Isis and the Taliban are Brutally Carving up Modern
Afghanistan
I have long nursed the suspicion that Taliban units,
Isis and government militias are not fighting about
religion or government at all, more about mafia
power
By Robert Fisk
February 15, 2016 "Information
Clearing House"
-
"The
Independent" -
If anyone wants to understand the shame of
Afghanistan - the yearly cull of civilians, the
beheadings, the execution by single shots, the
kidnapping of women - they have only to read the
shocking UN report just published in Kabul. It is
laced with fearful eyewitness descriptions of
brutality. Isis features in its 87 pages with its
usual depravity (in Afghanistan, of course, not in
Iraq or Syria) and the report’s statistics show
clearly that, last year, there were more civilians
killed or wounded in the country than in any year
since 2009.
In
2015 alone, 3,545 civilians were killed and 7,457
injured. Since 2009, the total civilian dead – not
soldiers, militiamen or Taliban – comes to 21,323
dead. And this, remember, is the graveyard of
empires into which we blithely trod after 9/11 on
the basis that we would not “forget” Afghanistan
again. We would see it through to the end. The
Taliban, in the words of a Canadian commander, were
“scumbags”. Our soldiers would not die in vain. And
it has come to this.
The United
Nations Assistance Mission in Afghanistan (UNAMA) is
a very professional institution. It has rigourously
examined eyewitness testament and its just-published
report contains harrowing quotations from victims of
the country’s war. In total, 62 per cent of civilian
deaths and injuries were caused by “anti-government
elements” and 17 per cent by “pro-government forces”
– 14 per cent of these by the US-trained Afghan
“national security forces”. But for reality, take
this quotation from the father of a man killed by
Afghan army shelling in Wardak province:
“It was
around 8am, and we had finished breakfast at home
when I heard an explosion. When I looked out of the
window, I saw a man running towards the mosque. My
young son called to me and said that my other son
had been close to the mosque earlier... When I
arrived, I saw one injured person and many bodies.
Then I found my son. He was in the final moments
of his life…I could not even touch his body or move
him. The explosion killed eight people,,, Can you
imagine how difficult it is when your son is lying
in his own blood and you are crying for him?”
Or this
from the witness of an Afghan national army attack
in Badghis province: “We were having lunch in our
tent near the pistachio forest. We heard a
helicopter overhead so I went outside to watch it.
Suddenly, the helicopter started firing rockets...
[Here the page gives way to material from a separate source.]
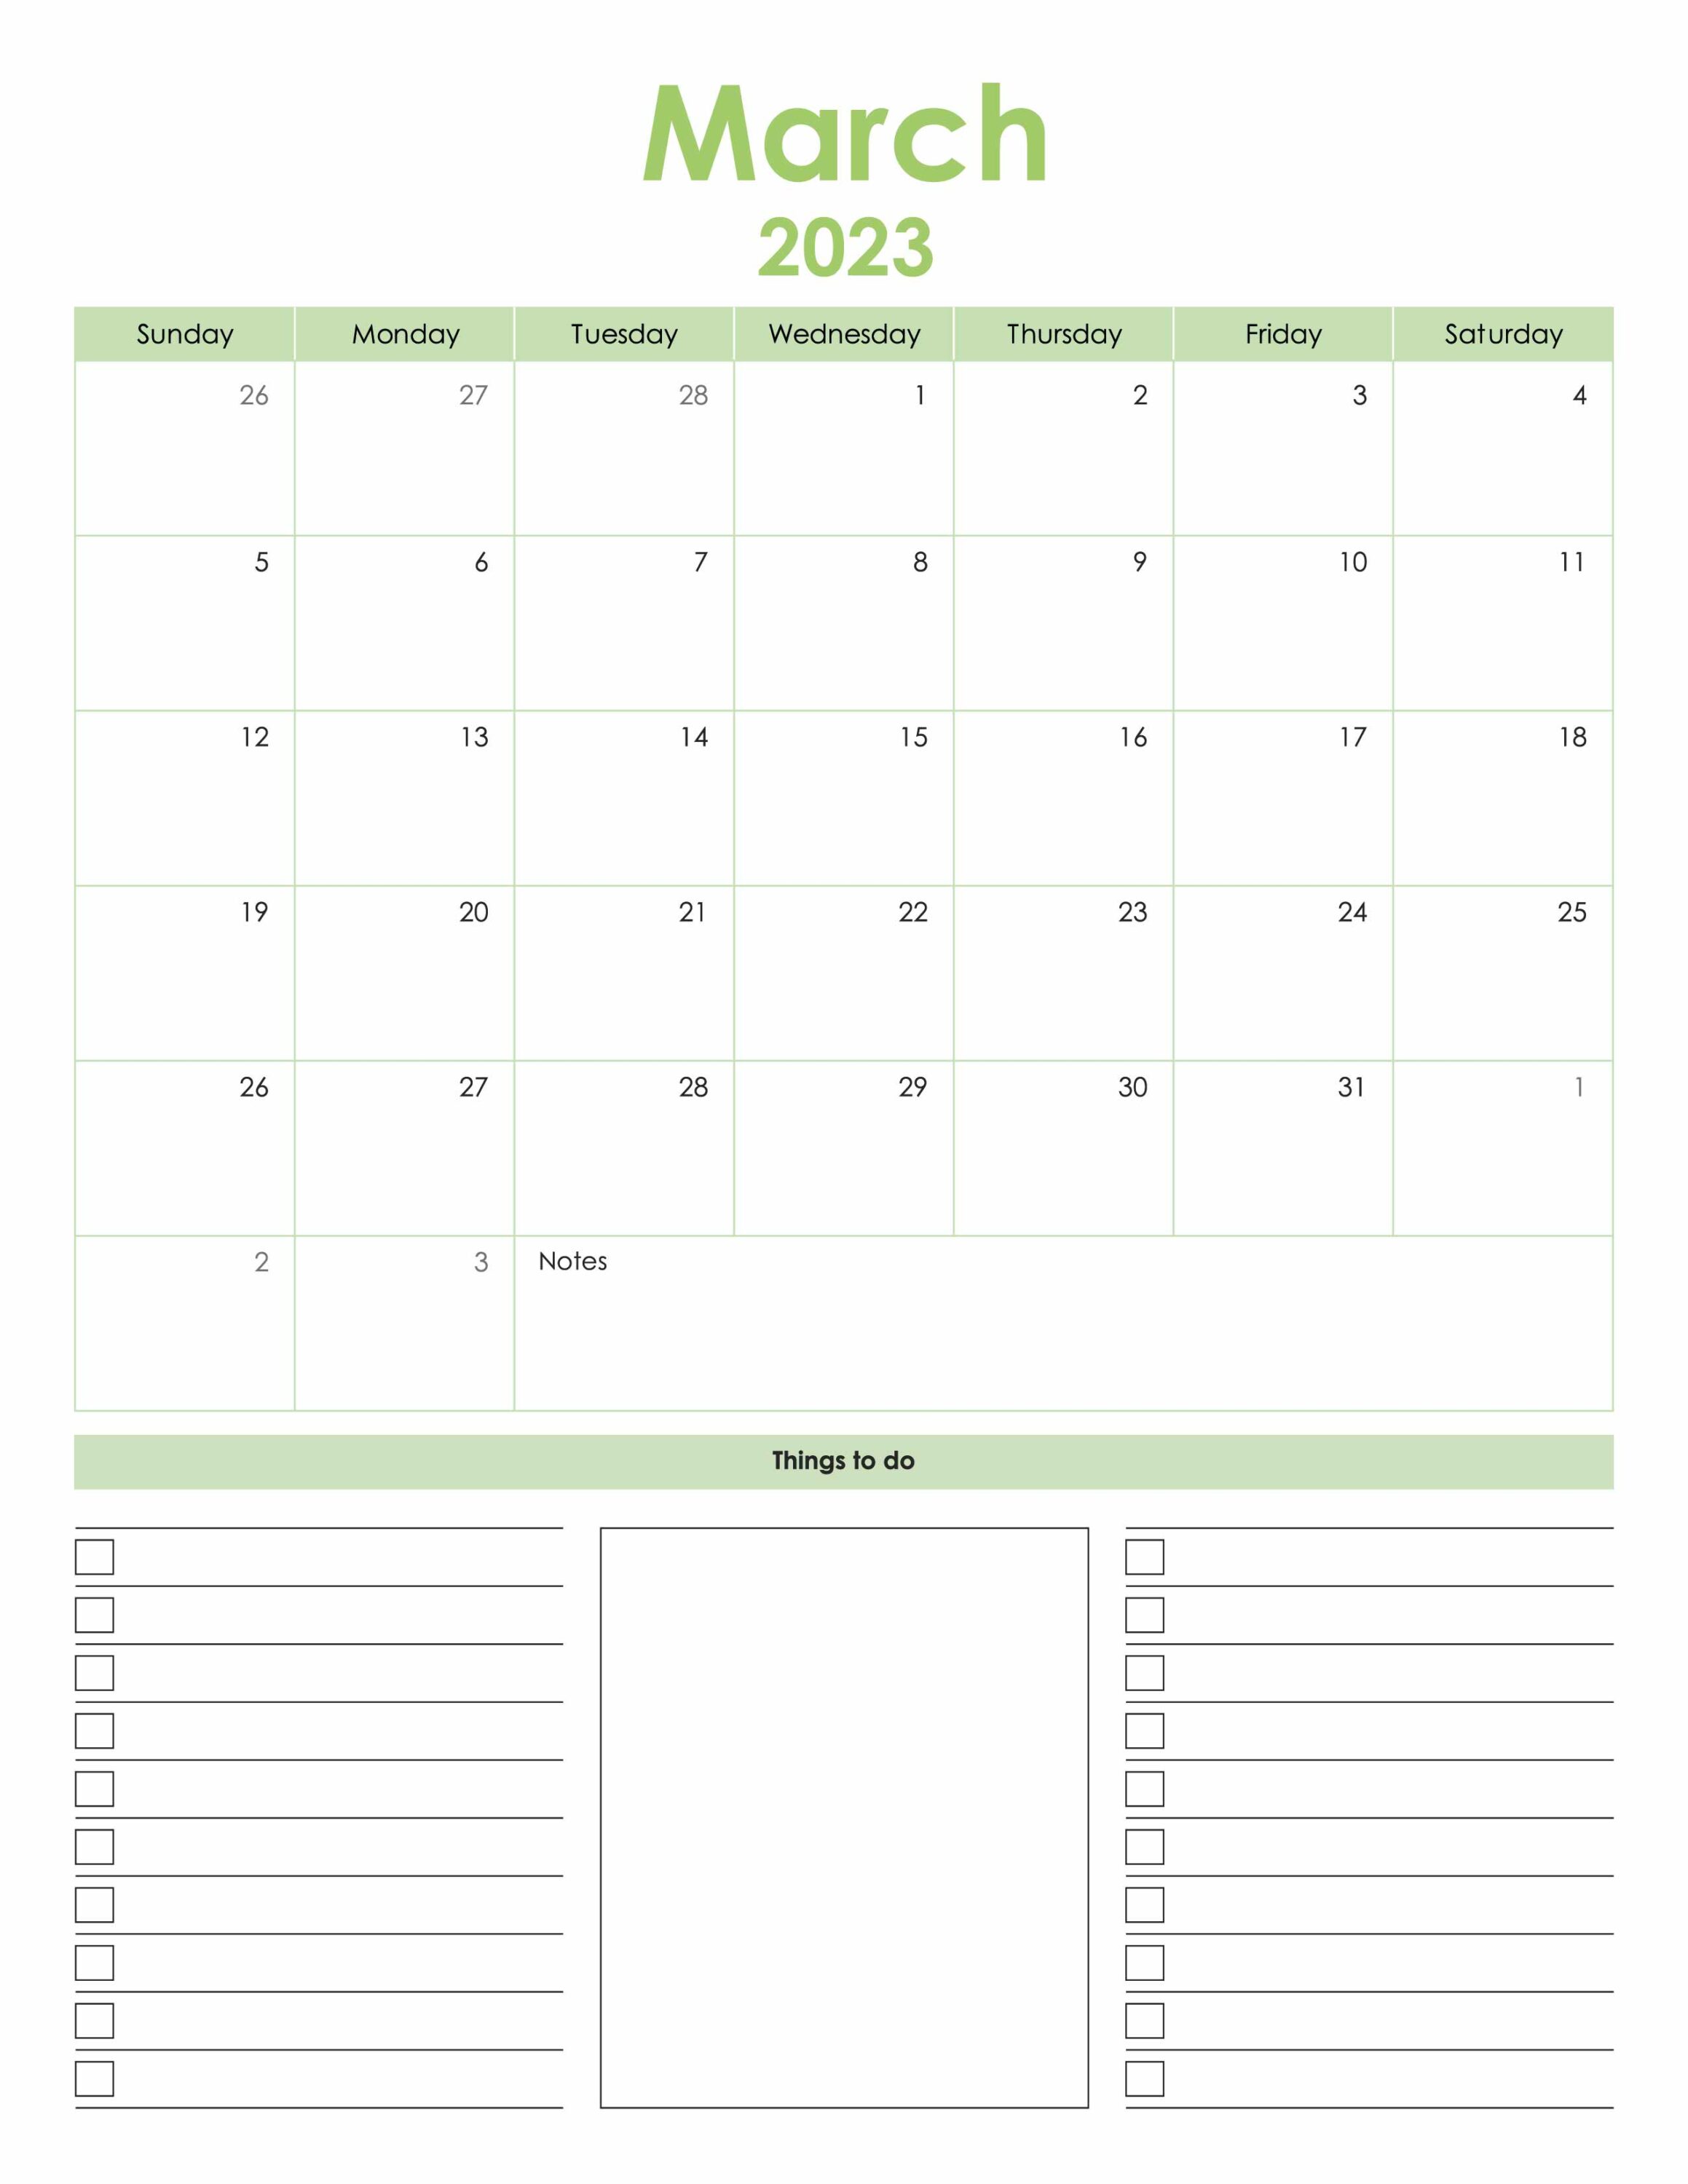 2023 Dated Planner Bundle, March page.

and one hit my family’s tent. I ran over to the tent
and saw that the rocket killed my wife and injured
my two brothers and my sister.”
Or this
from the witness to a Taliban execution of an
engineer who was working for the government: “Two
Taliban tightened the bindings on the engineer’s
hands. The Taliban commander ordered the execution
of the engineer. Without any hesitation, the two
Taliban beheaded the engineer in front of me. The
commander instructed a Taliban member to record that
he had imposed the punishment for supporting the
government. He wrote it down and [the] Taliban
posted the paper on the engineer’s body.”
Or this
infinitely sad brother of a civilian killed in
crossfire in Kunduz: “He called my mobile and said
‘Hey brother...I was shot in my stomach... I don’t
know who shot me... My injuries are serious... I can
see pieces of my own intestines on my motorcycle’,
After that the line went dead. The next day I saw
his dead body and his motorcycle on TV. His body
remained in the streets for three days until my
relatives could recover it and bury him…”
And here is
a woman wounded in a suicide attack in Kabul city:
“After I had fed my baby and put him back to sleep,
I took a sip of water and returned to bed. There was
a huge explosion and our roof began to collapse. I
saw the roof falling on me and I lost consciousness.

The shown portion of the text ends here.